Graph Convolutional Neural Network (GCN)

In what follows, we give a complete Tensorflow implementation of a two-layer graph convolutional neural network (GCN) for link prediction. We closely follow the GCN formulation as presented in Kipf et al., ICLR 2017.

In [1]:
from __future__ import division
from __future__ import print_function

import time

import numpy as np
import scipy.sparse as sp

import networkx as nx
import tensorflow as tf
from sklearn.metrics import roc_auc_score
from sklearn.metrics import average_precision_score
In [2]:
# Set random seed
seed = 123
np.random.seed(seed)
tf.set_random_seed(seed)

# Settings
flags = tf.app.flags
FLAGS = flags.FLAGS
flags.DEFINE_float('learning_rate', 0.01, 'Initial learning rate.')
flags.DEFINE_integer('epochs', 20, 'Number of epochs to train.')
flags.DEFINE_integer('hidden1', 32, 'Number of units in hidden layer 1.')
flags.DEFINE_integer('hidden2', 16, 'Number of units in hidden layer 2.')
flags.DEFINE_float('dropout', 0.1, 'Dropout rate (1 - keep probability).')

Various Utility Functions

In [3]:
def load_data():
    g = nx.read_edgelist('yeast.edgelist')
    adj = nx.adjacency_matrix(g)
    return adj


def weight_variable_glorot(input_dim, output_dim, name=""):
    init_range = np.sqrt(6.0 / (input_dim + output_dim))
    initial = tf.random_uniform(
        [input_dim, output_dim], minval=-init_range,
        maxval=init_range, dtype=tf.float32)
    return tf.Variable(initial, name=name)

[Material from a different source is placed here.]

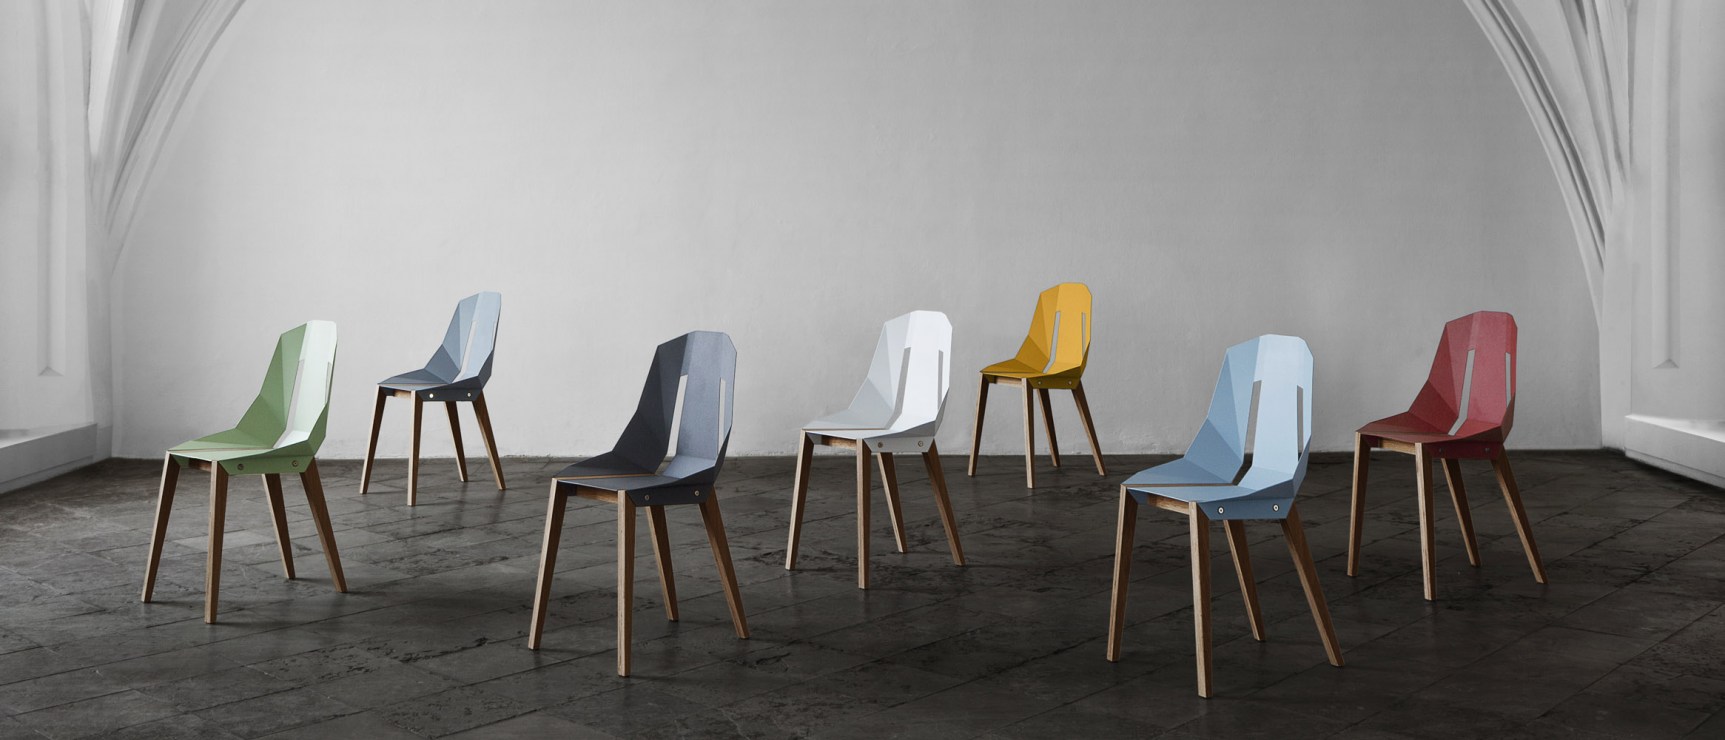 Tabanda, krzesła "Diago", fot. Centrum Designu Gdynia. Praca zaprezentowana na wystawie "Smak przedmiotu" na targach Milan Design Week 2014.

def dropout_sparse(x, keep_prob, num_nonzero_elems):
    noise_shape = [num_nonzero_elems]
    random_tensor = keep_prob
    random_tensor += tf.random_uniform(noise_shape)
    dropout_mask = tf.cast(tf.floor(random_tensor), dtype=tf.bool)
    pre_out = tf.sparse_retain(x, dropout_mask)
    return pre_out * (1. / keep_prob)


def sparse_to_tuple(sparse_mx):
    if not sp.isspmatrix_coo(sparse_mx):
        sparse_mx = sparse_mx.tocoo()
    coords = np.vstack((sparse_mx.row, sparse_mx.col)).transpose()
    values = sparse_mx.data
    shape = sparse_mx.shape
    return coords, values, shape


def preprocess_graph(adj):
    adj = sp.coo_matrix(adj)
    adj_ = adj + sp.eye(adj.shape[0])
    rowsum = np.array(adj_.sum(1))
    degree_mat_inv_sqrt = sp.diags(np.power(rowsum, -0.5).flatten())
    adj_normalized = adj_.dot(degree_mat_inv_sqrt).transpose().dot(degree_mat_inv_sqrt).tocoo()
    return sparse_to_tuple(adj_normalized)


def construct_feed_dict(adj_normalized, adj, features, placeholders):
    feed_dict = dict()
    feed_dict.update({placeholders['features']: features})
    feed_dict.update({placeholders['adj']: adj_normalized})
    feed_dict.update({placeholders['adj_orig']: adj})
    return feed_dict


def mask_test_edges(adj):
    # Function to build test set with 2% positive links
    # Remove diagonal elements
    adj = adj - sp.dia_matrix((adj.diagonal()[np.newaxis, :], [0]), shape=adj.shape)
    adj.eliminate_zeros()

    adj_triu = sp.triu(adj)
    adj_tuple = sparse_to_tuple(adj_triu)
    edges = adj_tuple[0]
    edges_all = sparse_to_tuple(adj)[0]
    num_test = int(np.floor(edges.shape[0] / 50.))
    num_val = int(np.floor(edges.shape[0] / 50.))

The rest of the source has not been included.